EXERCISE DATA START

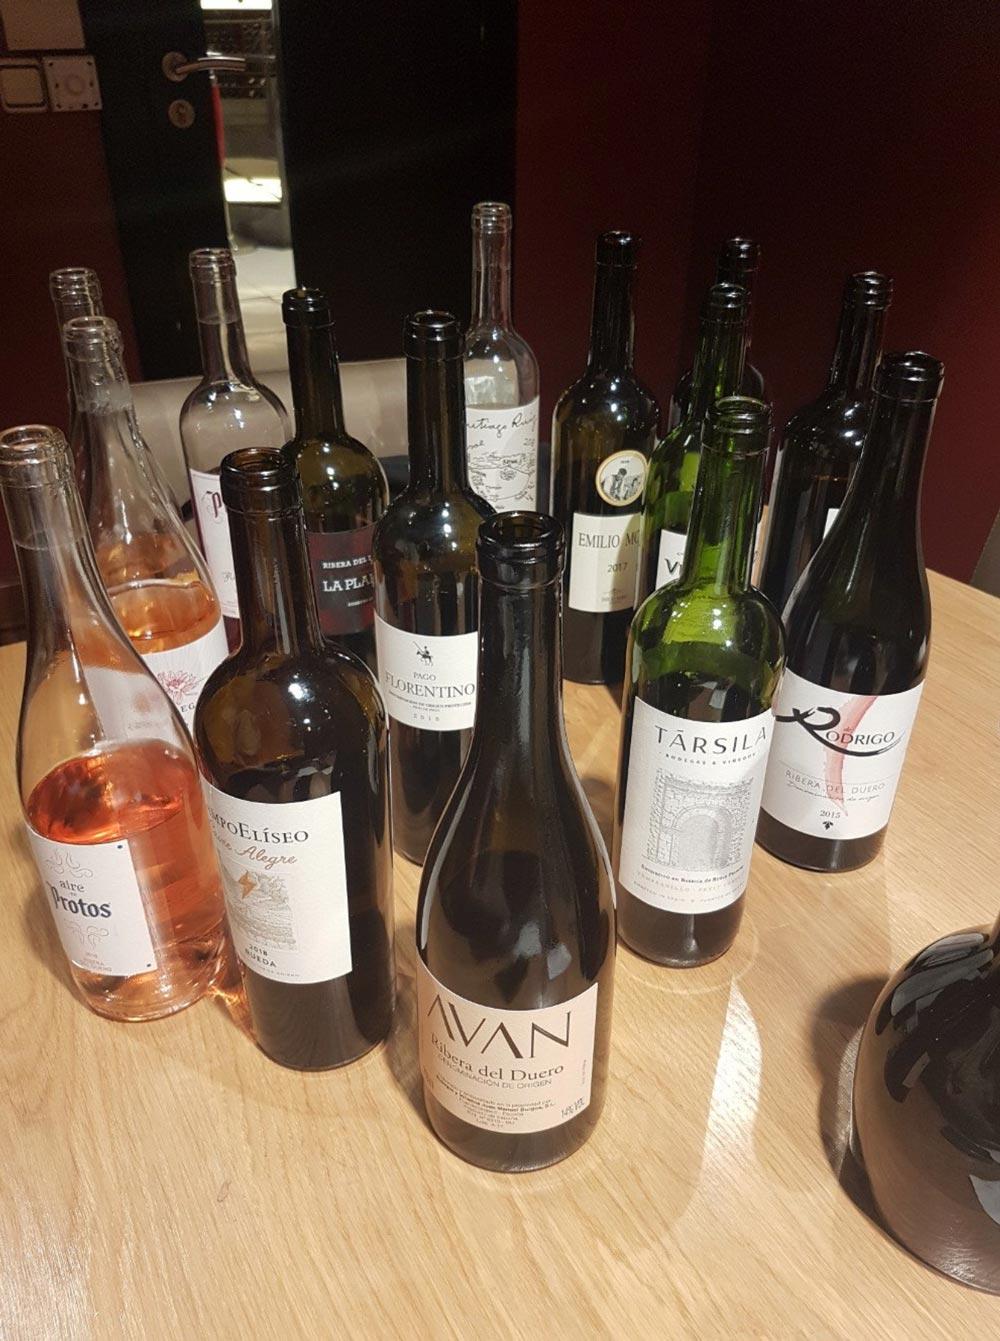 winetasting-el-mundo-lavinia-tarsila.jpg
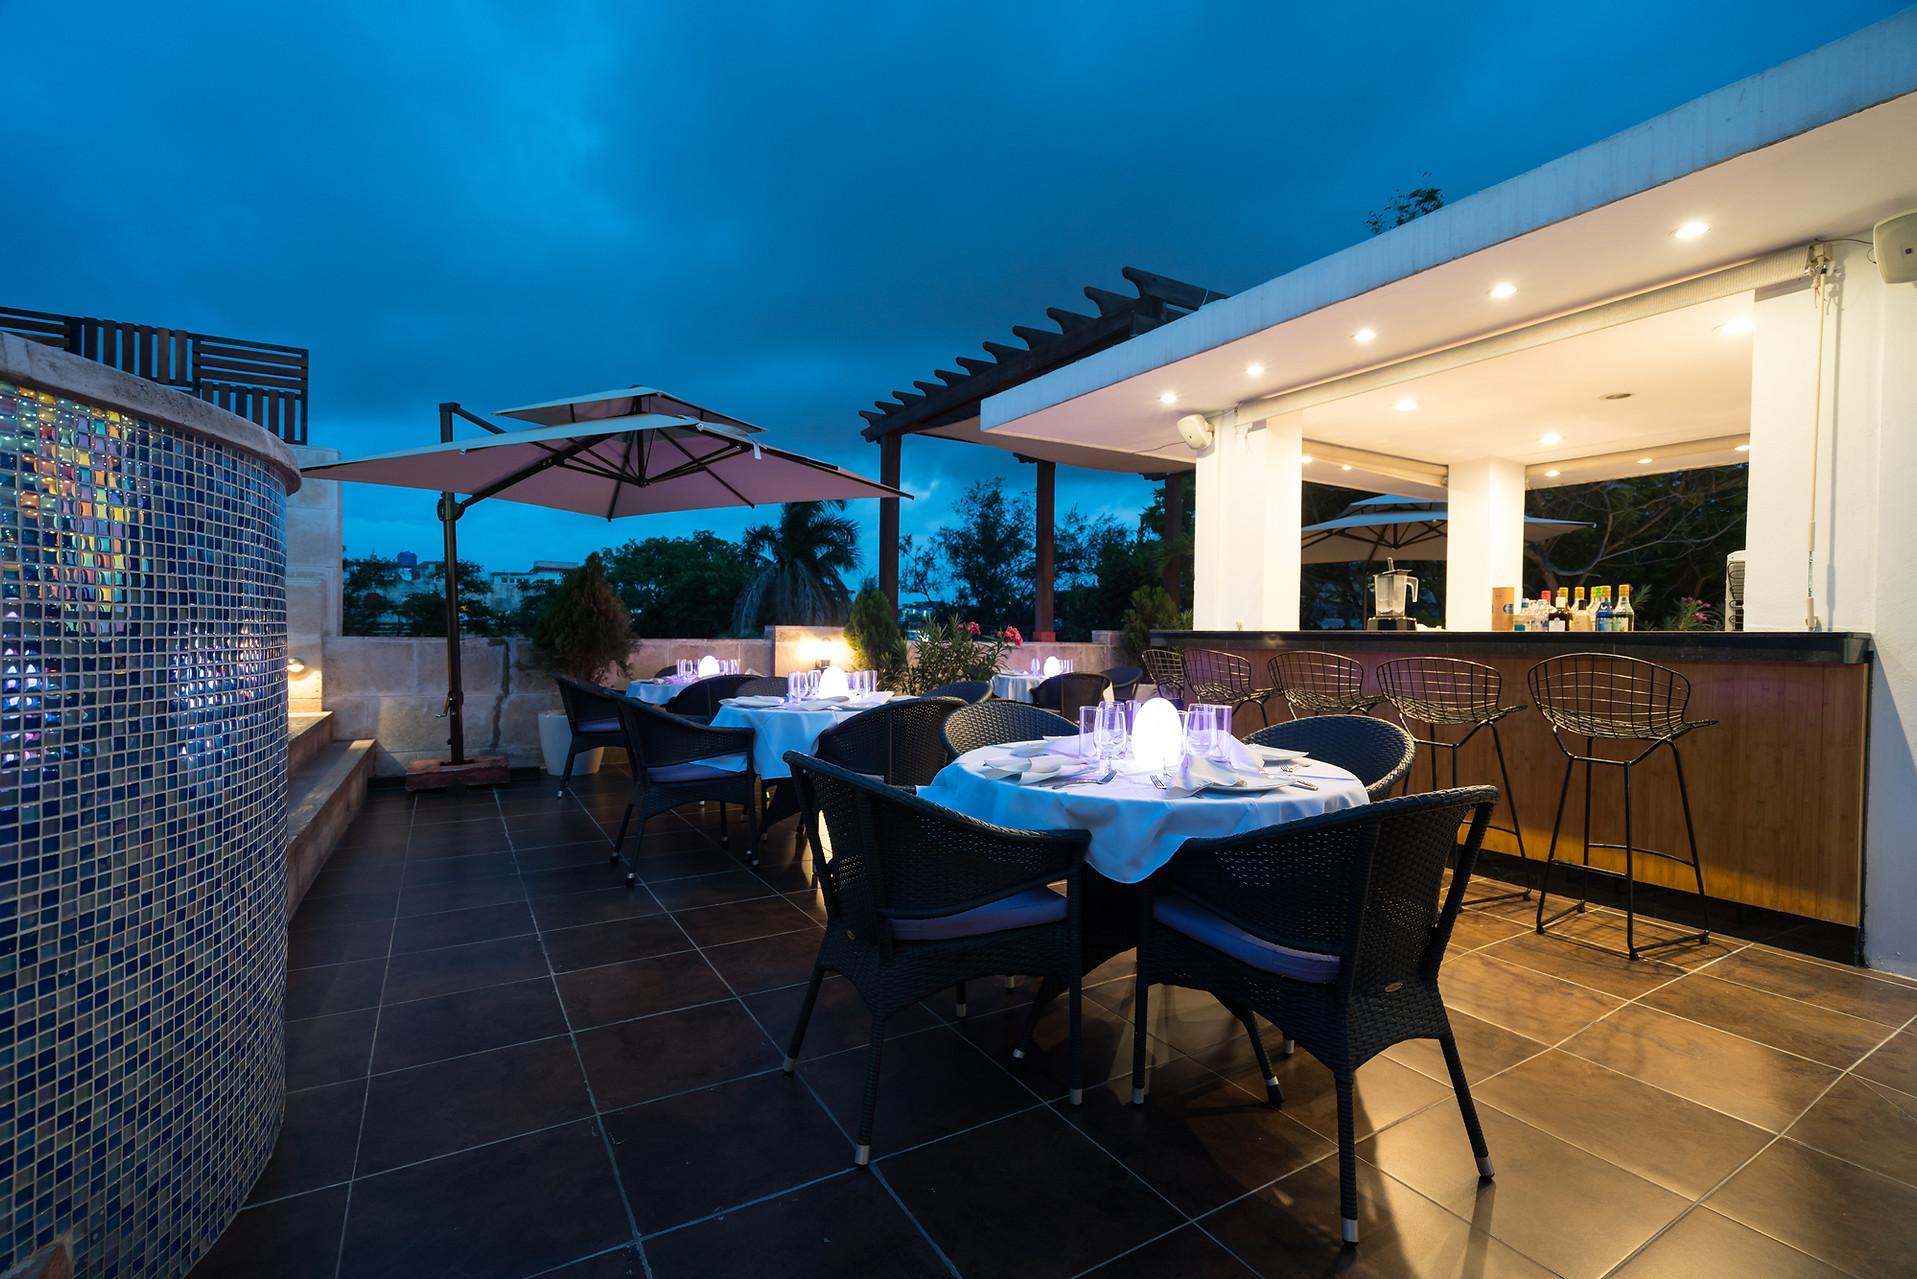 El Candil Boutique Hotel Rooftop Bar & Grill Havana Cuba
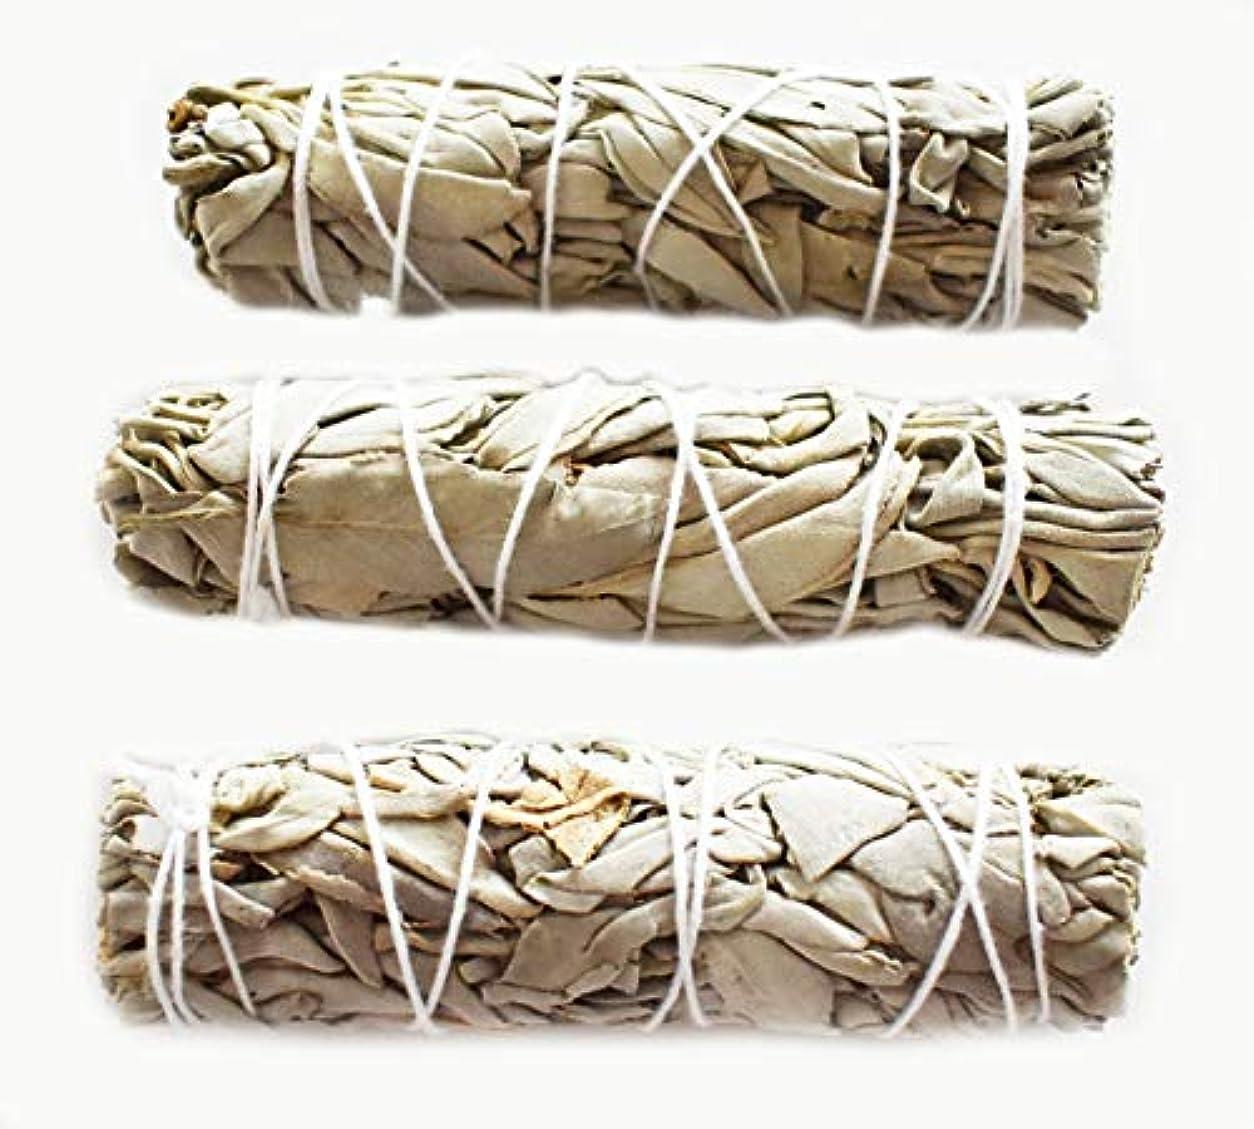 フライカイト口ひげ危険3つのセット( 3 )ホワイトセージMini Sticks for Smudging Ceremony正エネルギー& Purification
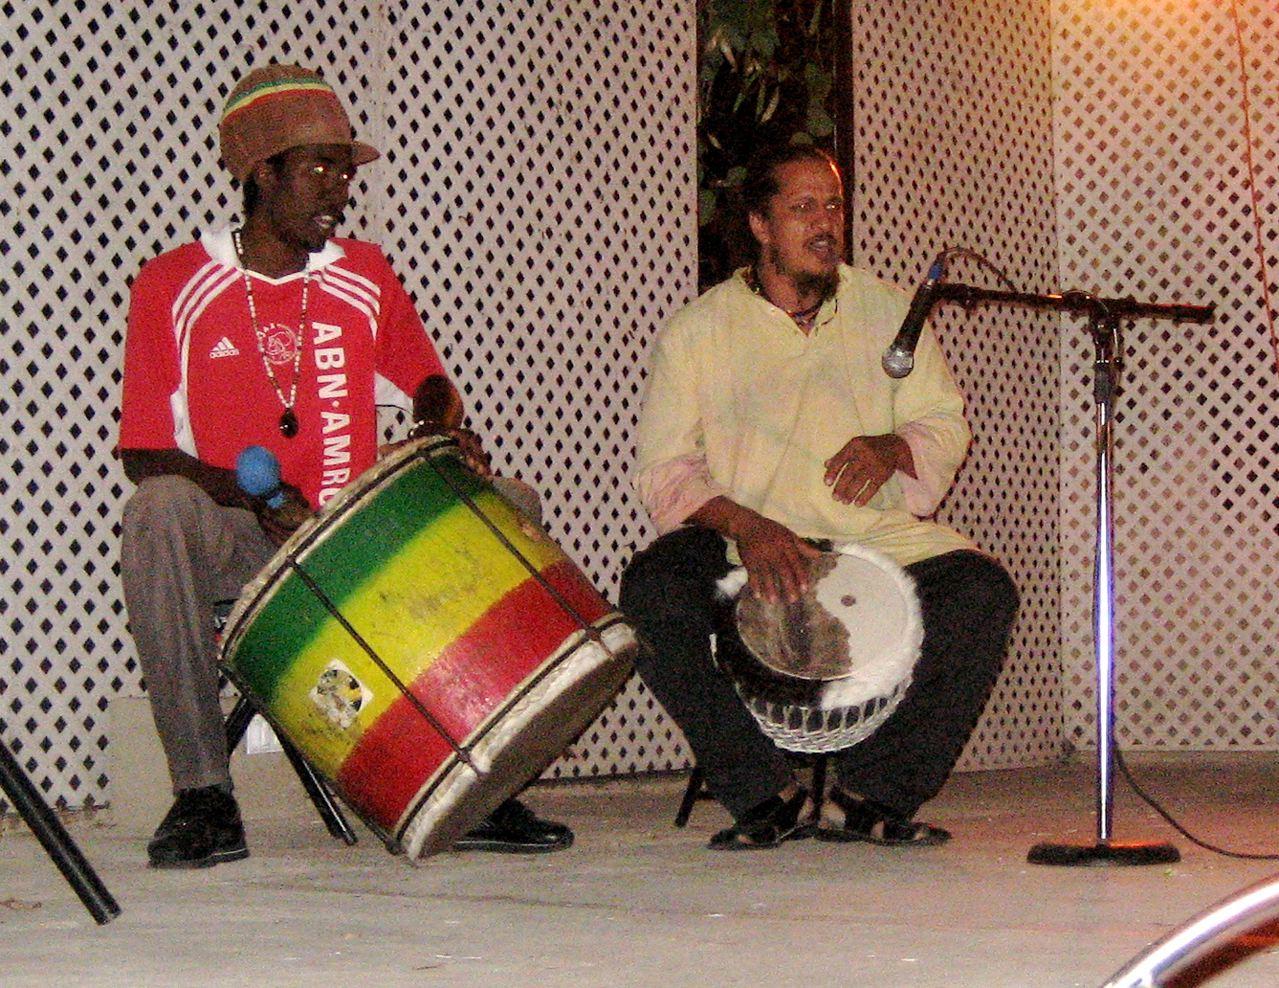 Akwaba Drummers
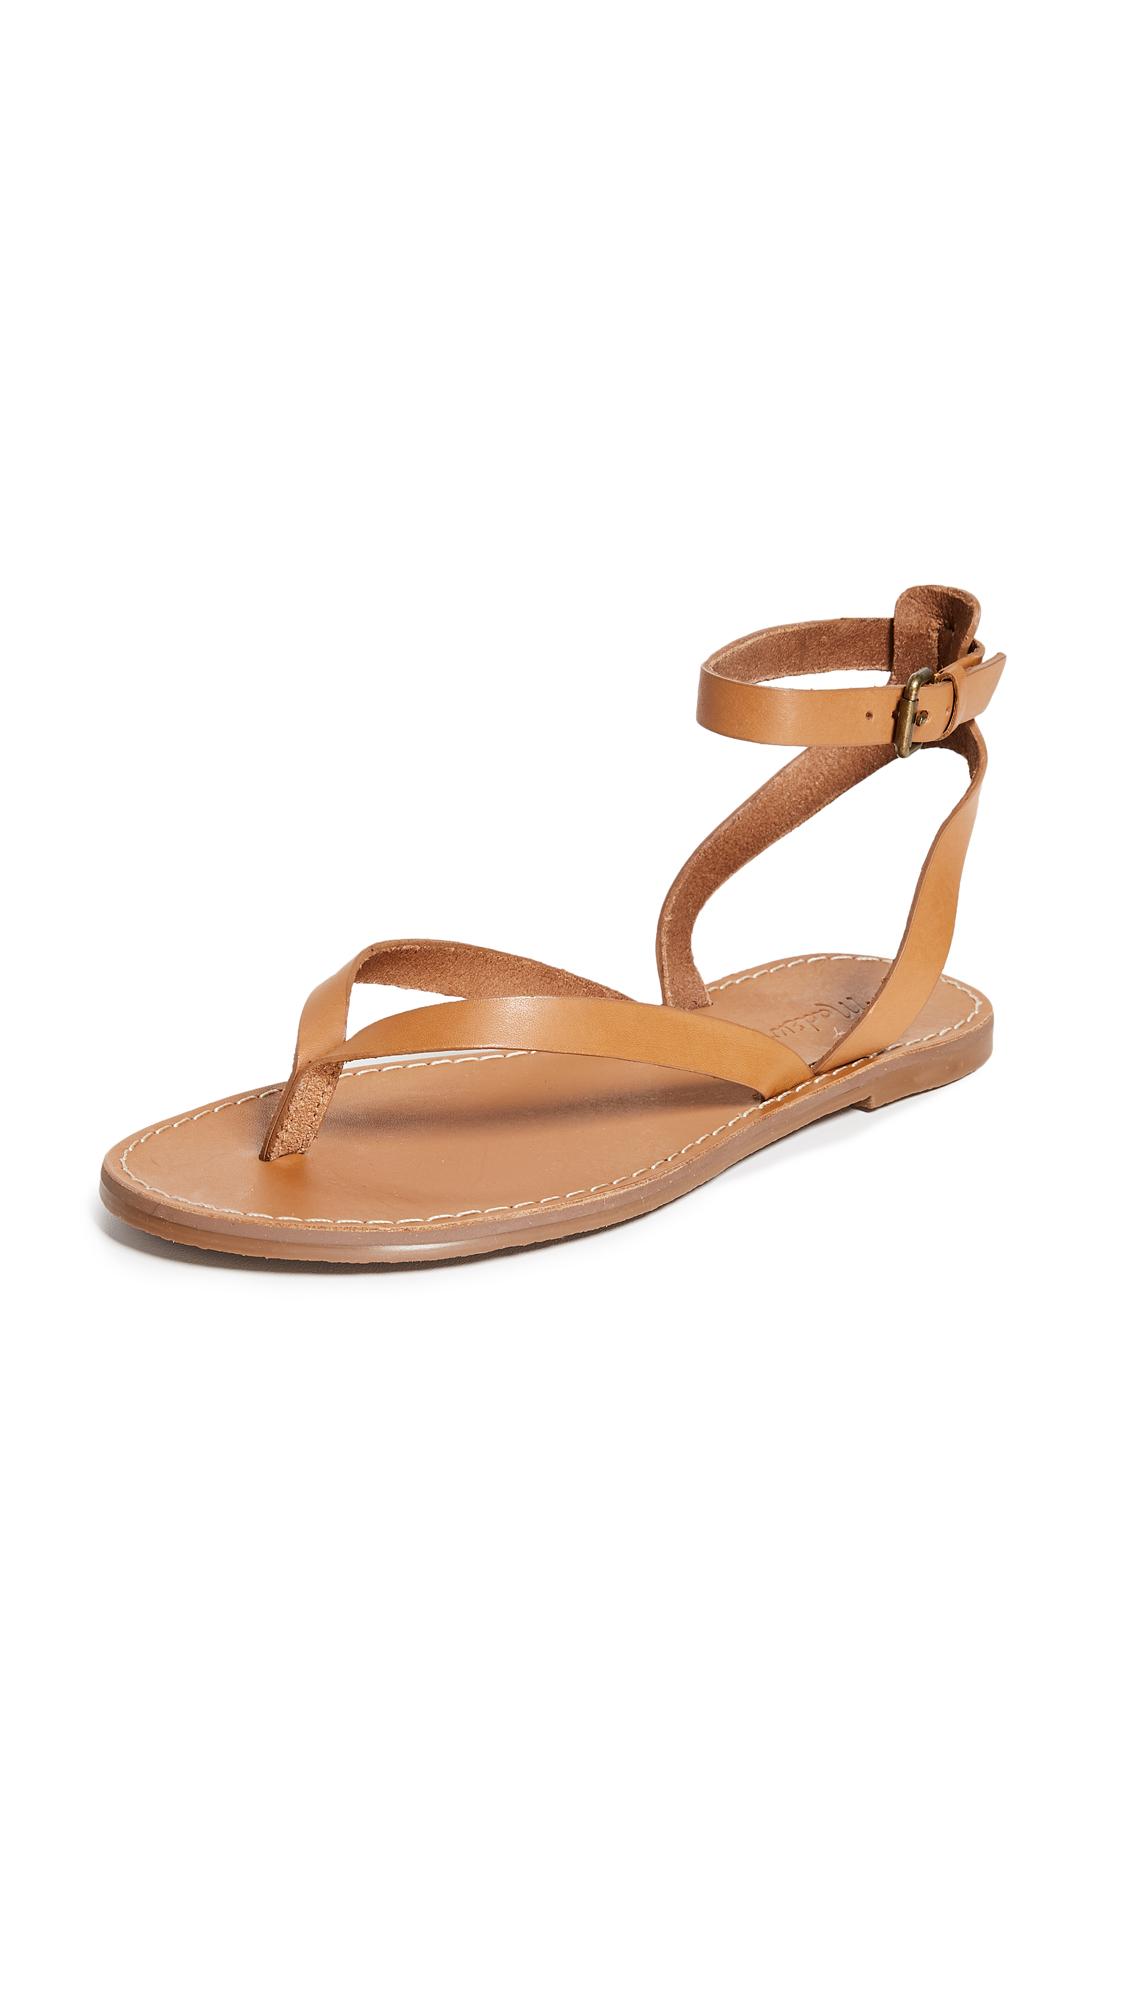 Madewell The Boardwalk Thong Sandals - Desert Camel

EXERCISE DATA END

» WORK ORDER: Copy exactly the lines that run from the line containing "El Candil Boutique" to the end of the data, keeping both end lines and dropping every picture.

» OUTPUT BELOW:
 El Candil Boutique Hotel Rooftop Bar & Grill Havana Cuba
 フライカイト口ひげ危険3つのセット( 3 )ホワイトセージMini Sticks for Smudging Ceremony正エネルギー& Purification
 Akwaba Drummers
 Madewell The Boardwalk Thong Sandals - Desert Camel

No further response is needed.